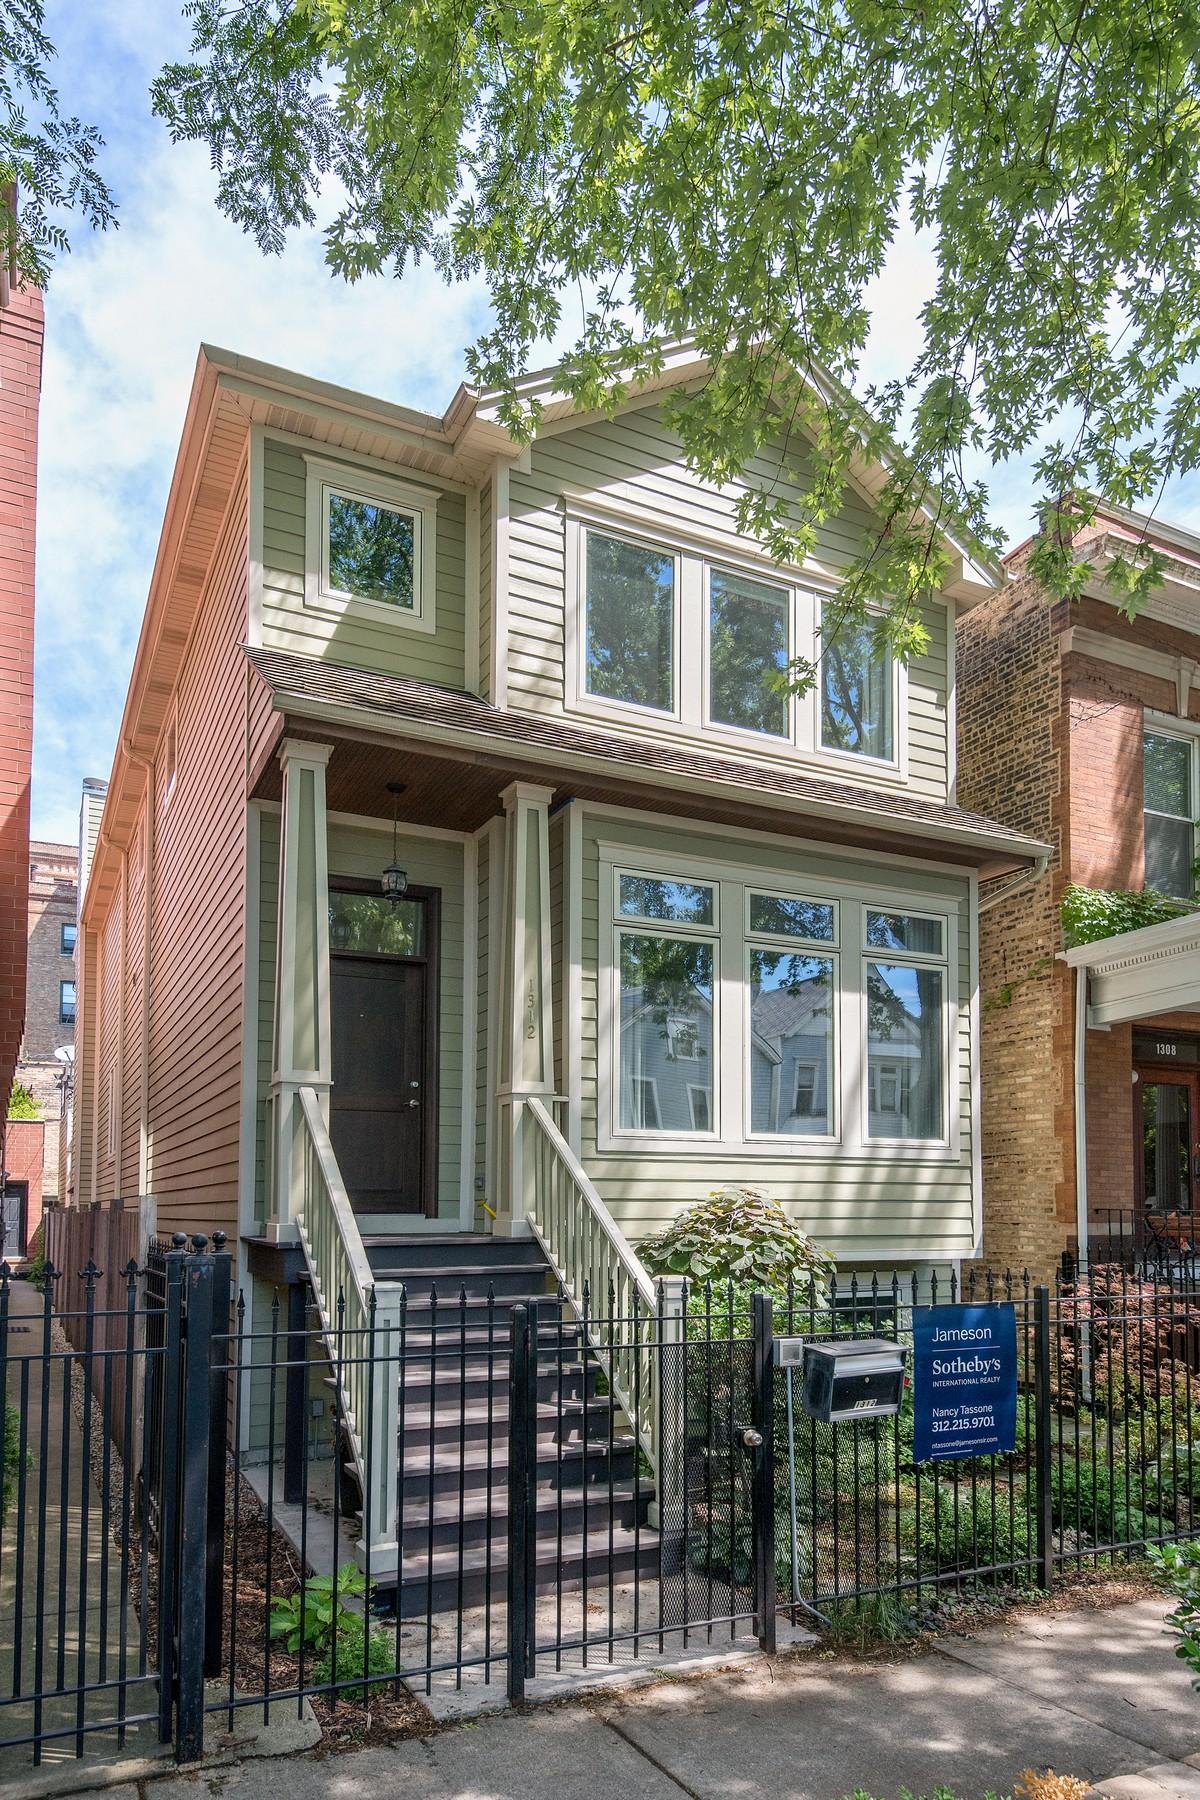 Einfamilienhaus für Verkauf beim Perfect Lakeview Home In Burley School District! 1312 W Barry Avenue Lakeview, Chicago, Illinois, 60657 Vereinigte Staaten
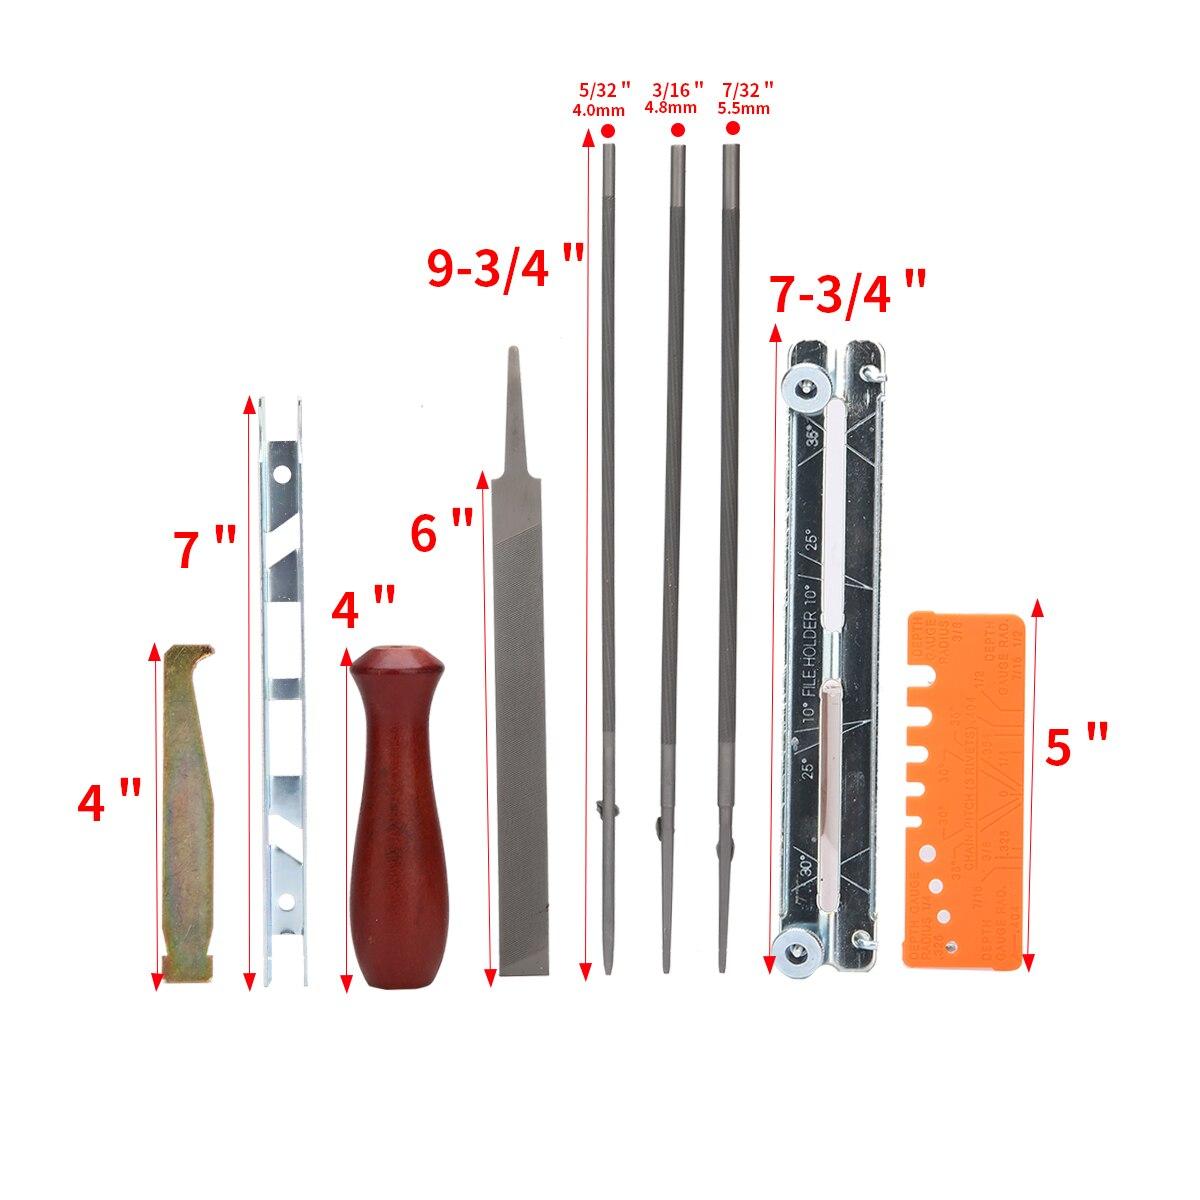 10 шт., практичный набор для ЗАТОЧКИ ЦЕПНОЙ ПИЛЫ, набор инструментов, направляющий стержень, точилка для файлов, инструменты для шитья, рукоделие, инструмент для тиснения
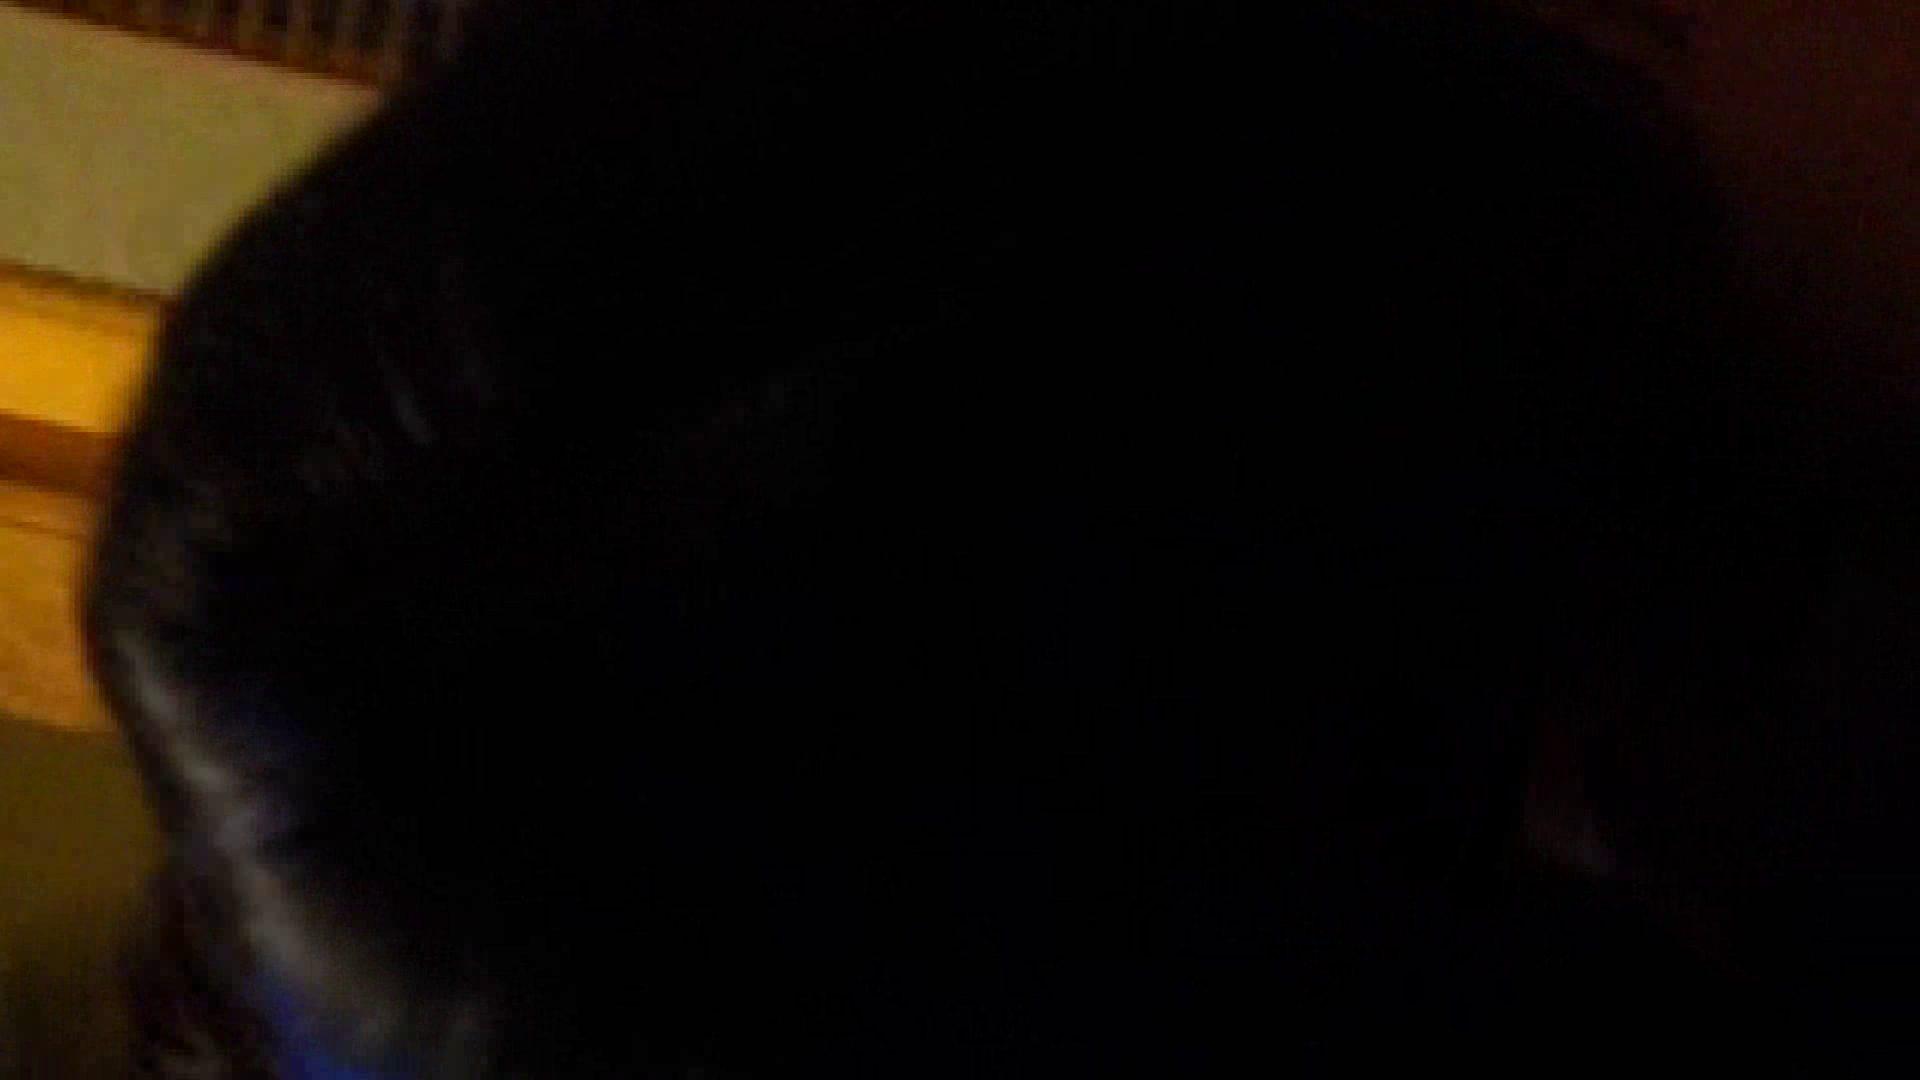 キレイに撮れるんです!No12!韓国流出編Vol.18 すけべなお姉さん すけべAV動画紹介 99画像 29

## Your instructions
Without any of its pictures, the listing is to be repeated exactly as it stands.

## Answer below
 Einfamilienhaus für Verkauf beim Perfect Lakeview Home In Burley School District! 1312 W Barry Avenue Lakeview, Chicago, Illinois, 60657 Vereinigte Staaten
 10 шт., практичный набор для ЗАТОЧКИ ЦЕПНОЙ ПИЛЫ, набор инструментов, направляющий стержень, точилка для файлов, инструменты для шитья, рукоделие, инструмент для тиснения
 キレイに撮れるんです!No12!韓国流出編Vol.18 すけべなお姉さん すけべAV動画紹介 99画像 29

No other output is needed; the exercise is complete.